(serves 2)
1 (12 to 14 oz.) boneless beef top loin (strip) steak, about ¾-inch thick
1 or 2 large cloves garlic, coarsely chopped
1/2 tsp. cracked or coarsely ground black pepper
1/4 tsp. salt
8 to 10 thin asparagus spears, trimmed
2 tsp. garlic-flavored olive oil (or regular olive oil)
1/2 c. beef broth
1 Tbsp. dry white wine
1/4 tsp. Dijon-style mustard
Rub the steak on both sides with a mixture of the garlic, pepper, and salt, pressing in the mixture with your fingers. Place the asparagus in a shallow dish and drizzle with the oil. For sauce, in a medium skillet stir together the broth and wine. Cook over high heat for four to five minutes or until mixture is reduced to 1/4 cup. Whisk in mustard; keep warm.
Preheat an indoor electric grill on high setting, if available. Place steak on the grill rack. If using a covered frill, close lid.

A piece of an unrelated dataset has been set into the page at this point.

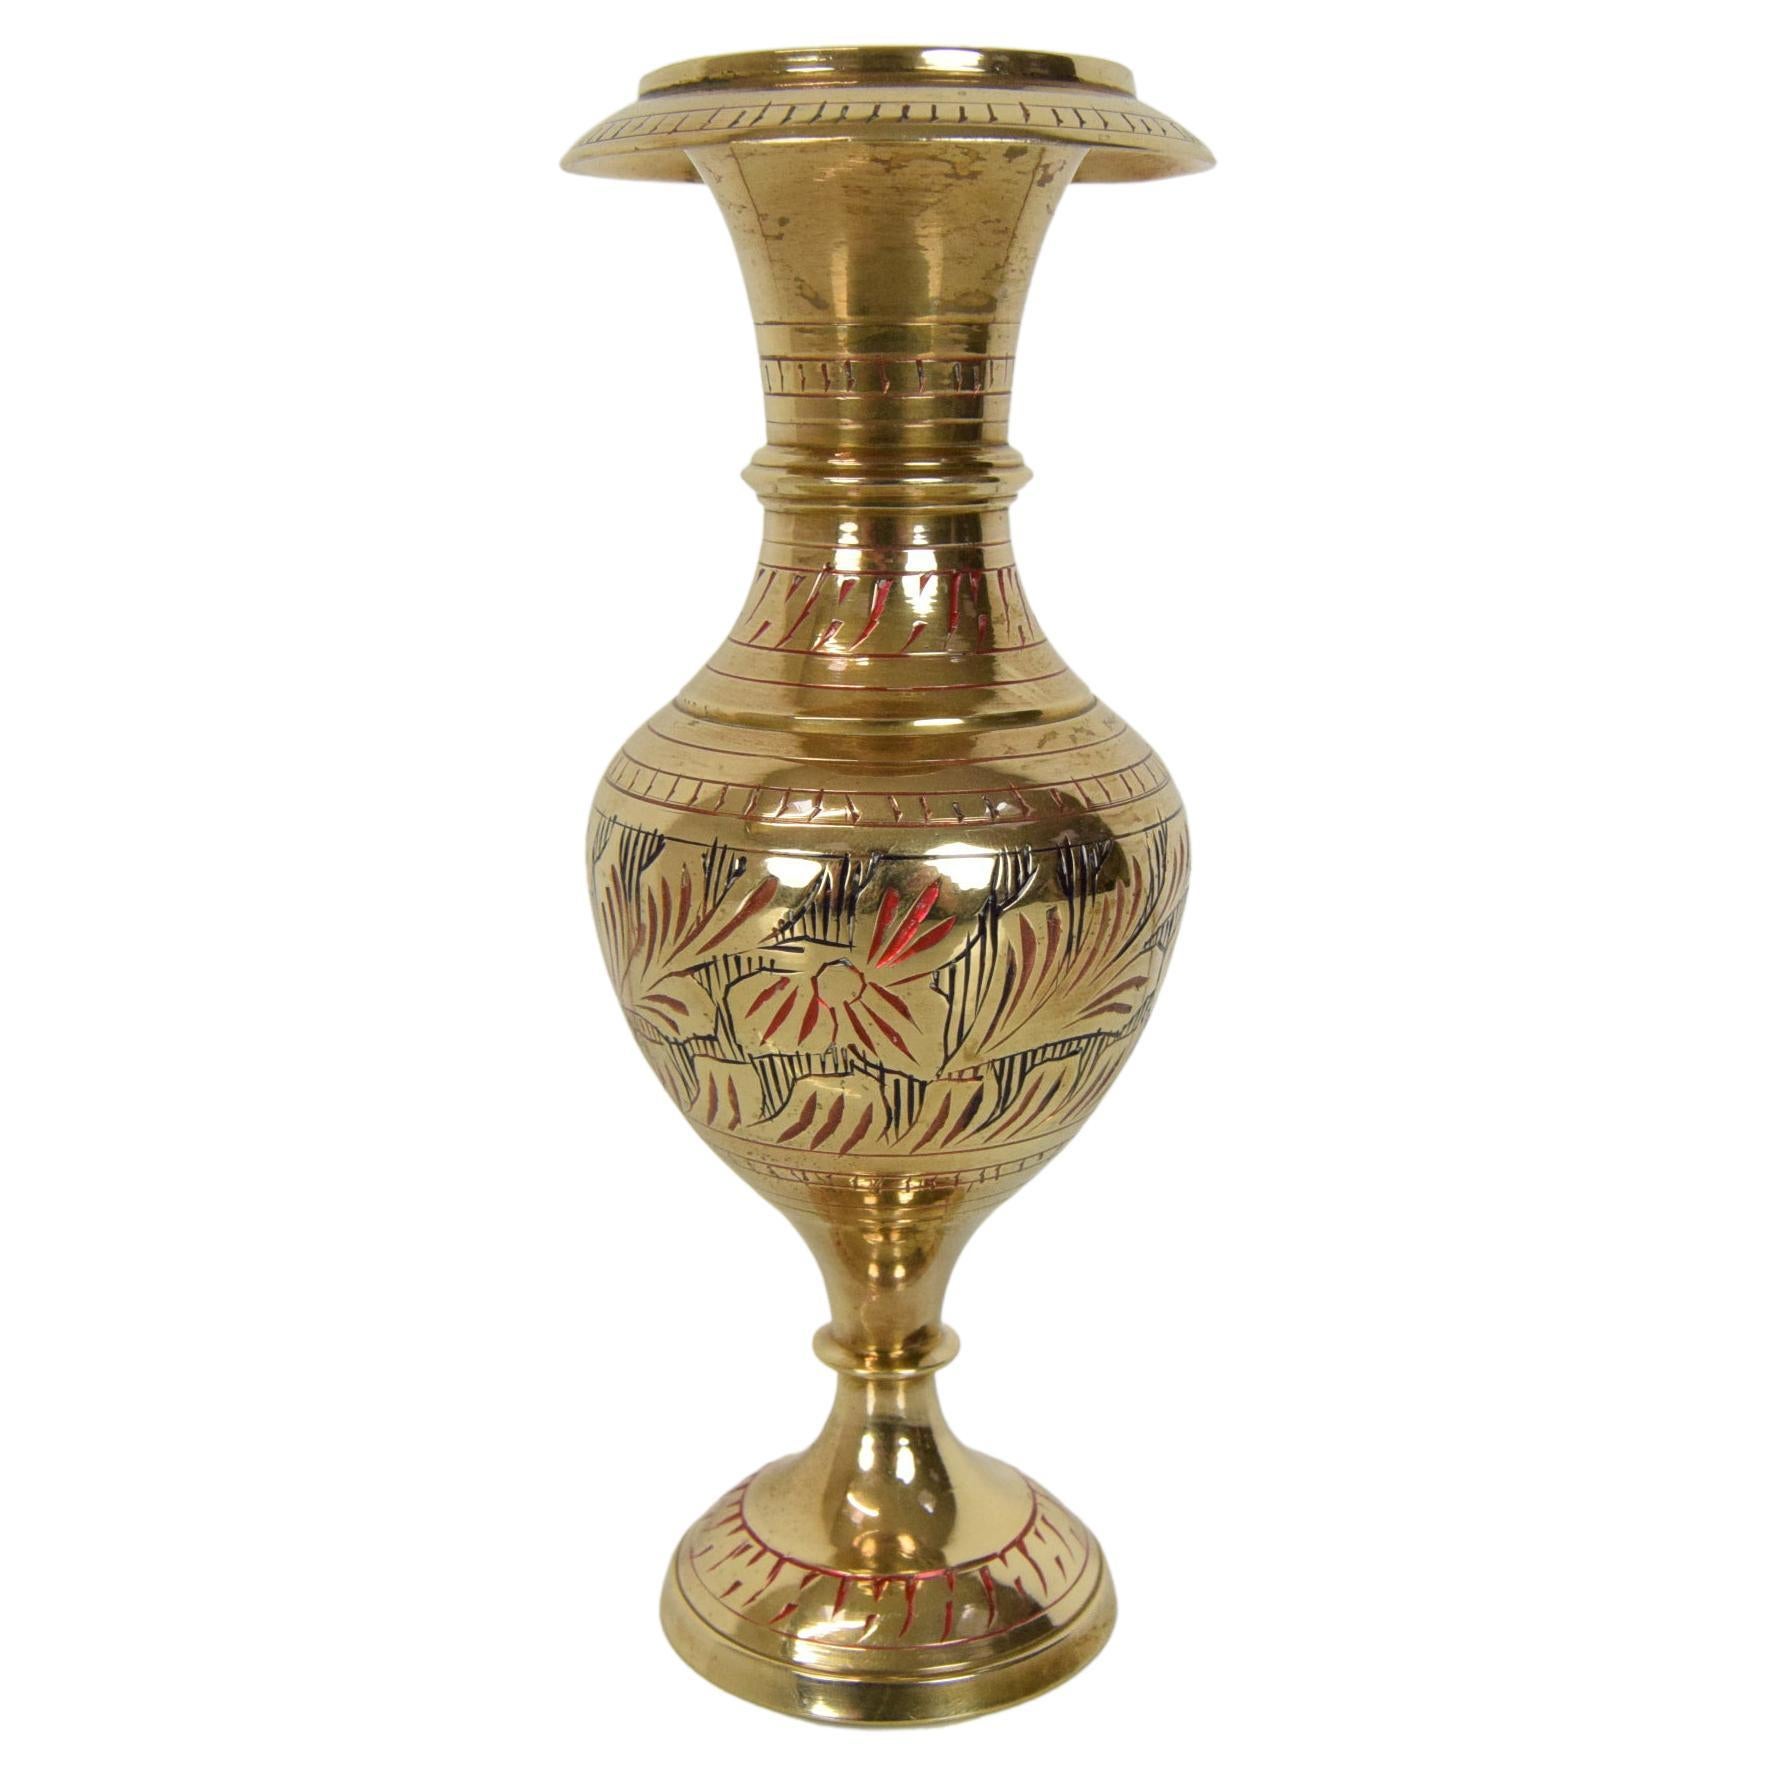 Details about   Vintage Brass Vase Solid Brass Metal Hand Carved Flower & Leaves Vase

Grill until steak is desired doneness. For a covered grill, allow three to four minutes for medium rare or five to seven minutes for medium, turning steaks once. For an uncovered grill, allow six to eight minutes for medium rare or eight to ten minutes for medium, turning steaks once. If space allows, add asparagus to covered frill for the last two to three minutes or for uncovered grill the last four to five minutes of grilling. Cook asparagus until crisp-tender.
Spoon sauce on serving plate. Cut steak in half crosswise. Serve steak halves atop sauce with asparagus on top.
Note: The asparagus cooking time will vary with the size of the asparagus. Also, if there is no room on the grill, the asparagus can be grilled after the steak.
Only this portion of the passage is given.